L’Estrategia África catalyse un partenariat Nigeria-Colombie
La mise en œuvre de la doctrine diplomatique « Estrategia África 2022-2026 » par le gouvernement colombien catalyse une convergence géopolitique sans précédent avec la République fédérale du Nigeria, première puissance démographique et économique d’Afrique de l’Ouest. Ce partenariat bilatéral, cimenté par des visites de haut niveau et l’implication cruciale de la Banque d’Investissement et de Développement de la CEDEAO (BIDC), dépasse le simple cadre protocolaire pour s’ancrer dans des transferts de compétences hautement stratégiques. L’alliance se déploie autour de la résilience agro-industrielle, de l’essor des infrastructures numériques et, fait inédit, de l’ingénierie de la paix et de la justice transitionnelle. En exportant son savoir-faire acquis lors du processus de paix avec les FARC, la Colombie offre au Nigeria des instruments non cinétiques pour pacifier ses territoires ruraux meurtris par les insurrections. Cette dynamique illustre l’émergence d’une diplomatie Sud-Sud horizontale, affranchie de la tutelle conceptuelle des puissances occidentales.
Deux géants pétroliers unis par les défis sécuritaires
Historiquement, le Nigeria et la Colombie partageaient des similitudes structurelles frappantes : des économies fondées sur la rente des hydrocarbures, d’immenses défis de sécurité intérieure et de profondes inégalités territoriales. Pourtant, ces deux géants opéraient dans des sphères géopolitiques hermétiques, séparés par l’océan Atlantique et par l’orientation traditionnelle de leurs politiques étrangères vers les capitales du Nord.

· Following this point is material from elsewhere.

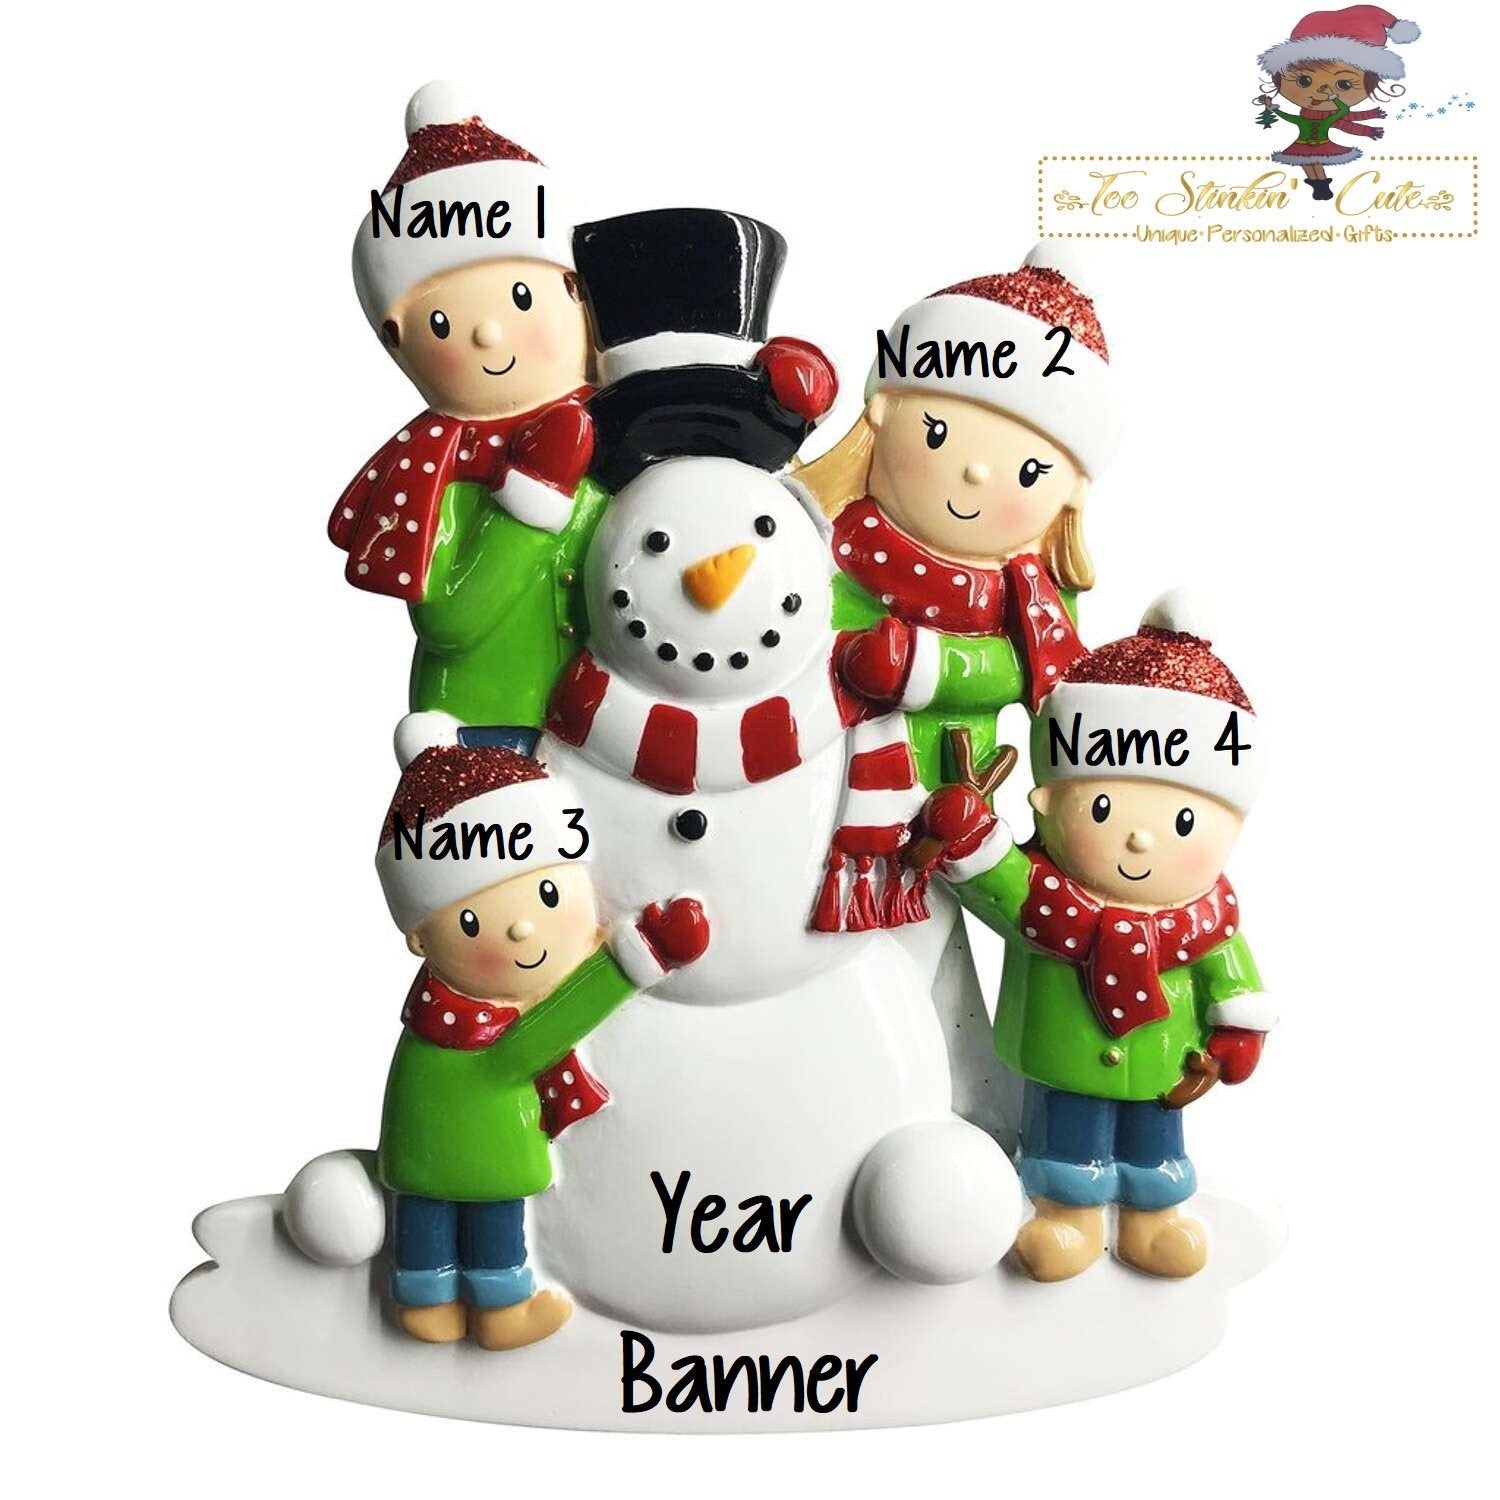 Christmas Ornament Building a Snowman Family of 4/ Friends Coworkers Employees - Personalized + Free Shipping!

Ce postulat a été radicalement bouleversé par l’arrivée au pouvoir de Gustavo Petro et de sa vice-présidente Francia Márquez. À travers l’Agence présidentielle de coopération internationale (APC-Colombia), Bogota a initié l’ambitieuse « Estrategia África 2022-2026 », dont l’objectif est de réparer la fracture historique de la traite transatlantique par une diplomatie économique et sécuritaire agressive. Le Nigeria, avec ses 211 millions d’habitants et son leadership au sein de la CEDEAO, a été rigoureusement ciblé par les services d’intelligence commerciale colombiens comme l’un des neufs pays prioritaires pour le déploiement de cette politique. Côté nigérian, l’urgence de diversifier l’économie nationale au-delà du pétrole et de trouver de nouveaux paradigmes de résolution de conflits a créé un terreau fertile pour cette alliance asymétrique mais complémentaire.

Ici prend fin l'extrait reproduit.